Data Dataloader Stratified#
dataloader_stratified
#
| CLASS | DESCRIPTION |
|---|---|
StratifiedSampler |
Sampler for stratified sampling across classes. |
StratifiedBatchSampler |
Batch sampler that yields stratified batches without materializing all indices. |
Classes#
StratifiedSampler(dataset: DatasetWeightedType, batch_size: int, shuffle: bool = True)
#
Bases: Sampler
Sampler for stratified sampling across classes.
Ensures balanced representation of classes in each batch by sampling proportionally from each class. Useful for imbalanced datasets.
| PARAMETER | DESCRIPTION |
|---|---|
dataset
|
Dataset with target labels for stratification.
TYPE:
|
batch_size
|
Batch size for sampling.
TYPE:
|
shuffle
|
Whether to shuffle samples within each class.
TYPE:
|
Examples:
Basic usage:
>>> import torch
>>> from spectre.data import DatasetWeighted, StratifiedSampler
>>> X = torch.randn(100, 10)
>>> targets = torch.randint(0, 3, (100,)) # 3 classes
>>> dataset = DatasetWeighted(X, target=targets)
>>> sampler = StratifiedSampler(dataset, batch_size=15, shuffle=True)
>>> indices = list(sampler)
>>> len(indices)
100
Notes
- Requires dataset to have targets
- Targets should be class labels (integers)
- For continuous targets, discretize before using stratified sampling
Source code in spectre/data/dataloader_stratified.py
StratifiedBatchSampler(dataset: DatasetWeightedType, batch_size: int, drop_last: bool = True, shuffle: bool = True)
#
Bases: BatchSampler
Batch sampler that yields stratified batches without materializing all indices.

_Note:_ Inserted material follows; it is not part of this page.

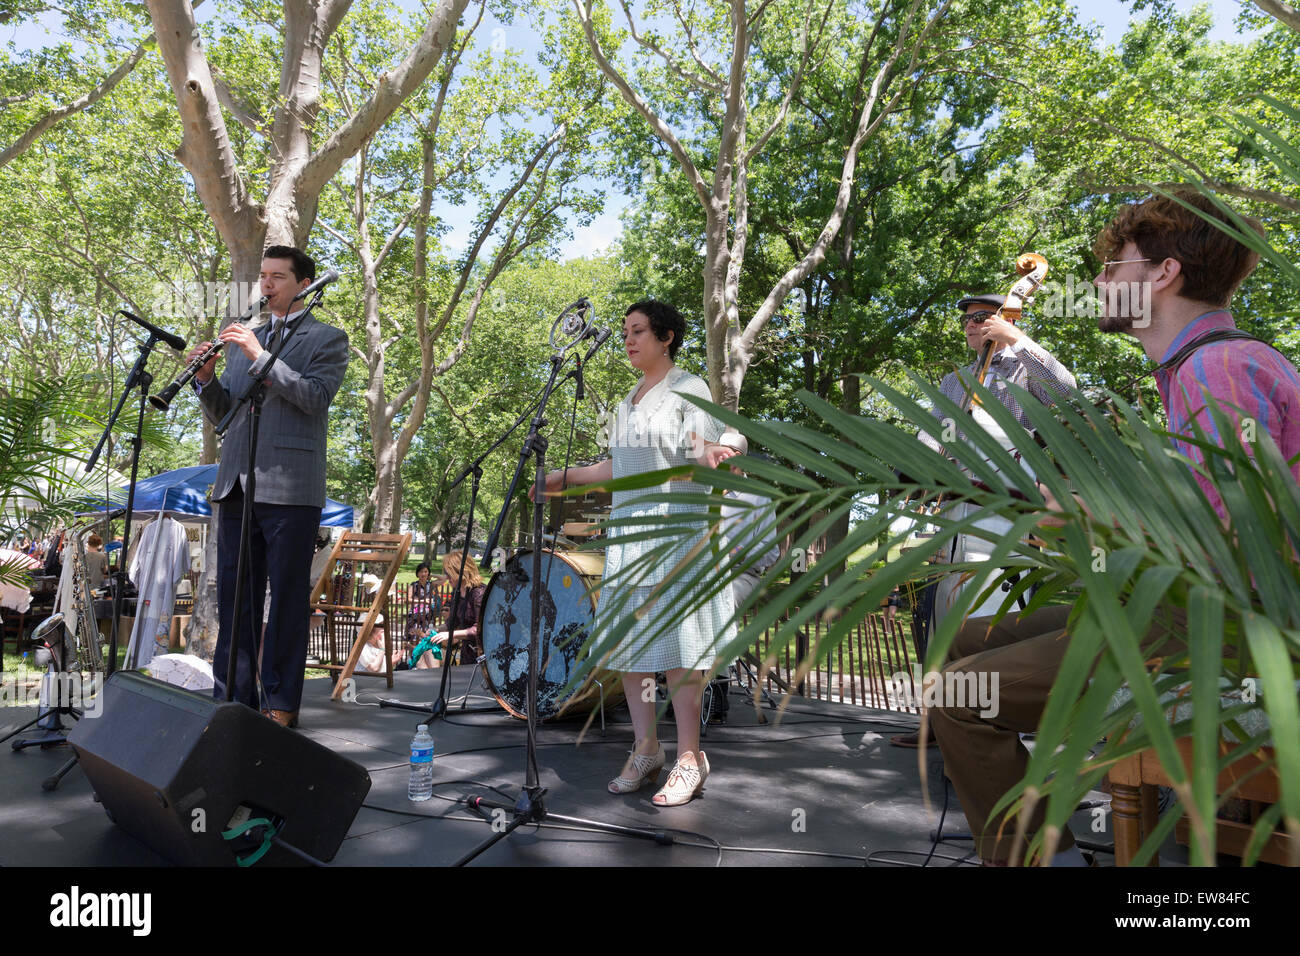 New York, NY - June 14, 2015: Tamar Korn & Kornucopia Band performes at 10th annual Jazz Age lawn party by Michael Arenella & Dreamland Orchestra on Governors Island Stock Photo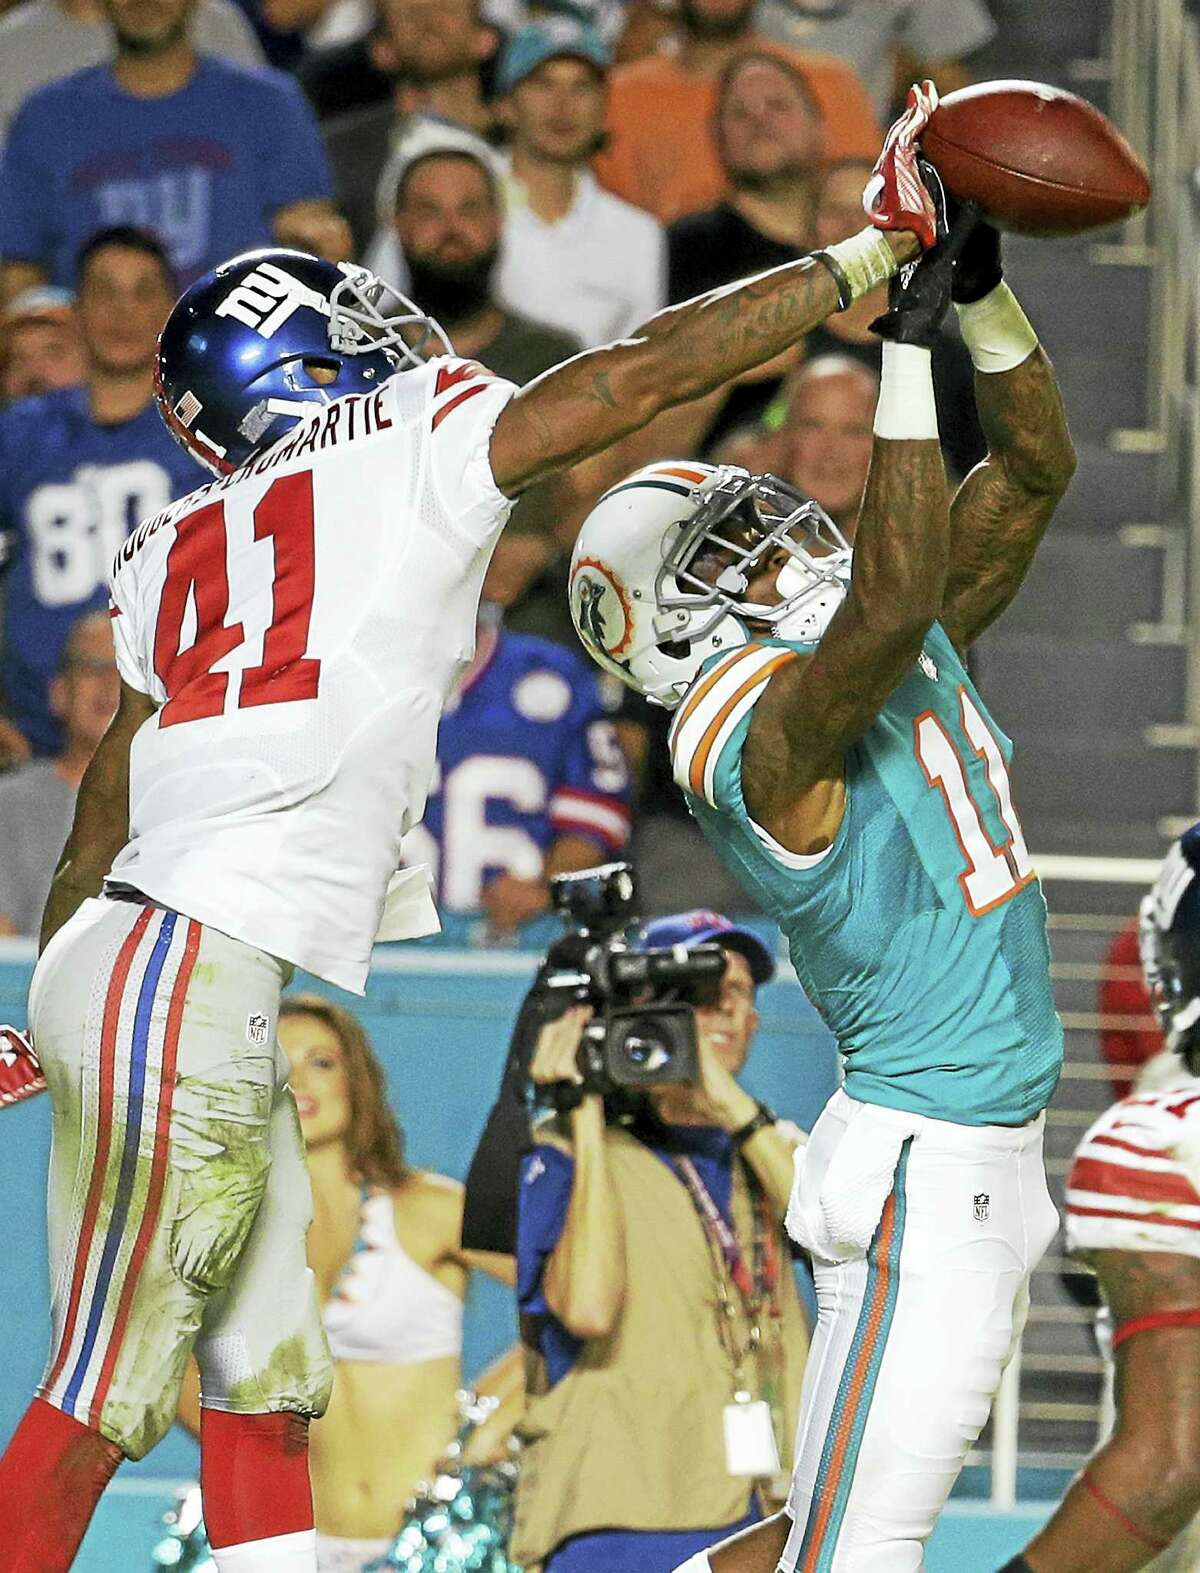 Giants cornerback Dominique Rodgers-Cromartie (41) will be playing the Pro Bowl on Sunday.

Generates batches on-the-fly with balanced class representation, avoiding memory overhead from pre-computing all sample indices. Essential for memory-mapped datasets with millions of samples where materializing indices would consume significant RAM.
| PARAMETER | DESCRIPTION |
|---|---|
dataset
|
Dataset with target labels for stratification.
TYPE:
|
batch_size
|
Batch size for sampling.
TYPE:
|
drop_last
|
Whether to drop the last incomplete batch.
TYPE:
|
shuffle
|
Whether to shuffle samples within each class and within each batch.
TYPE:
|
Examples:
Basic usage with DataLoader:
>>> import torch
>>> from torch.utils.data import DataLoader
>>> from spectre.data import DatasetWeighted, StratifiedBatchSampler
>>> X = torch.randn(1000, 10)
>>> targets = torch.randint(0, 3, (1000,))
>>> dataset = DatasetWeighted(X, target=targets)
>>> batch_sampler = StratifiedBatchSampler(dataset, batch_size=32)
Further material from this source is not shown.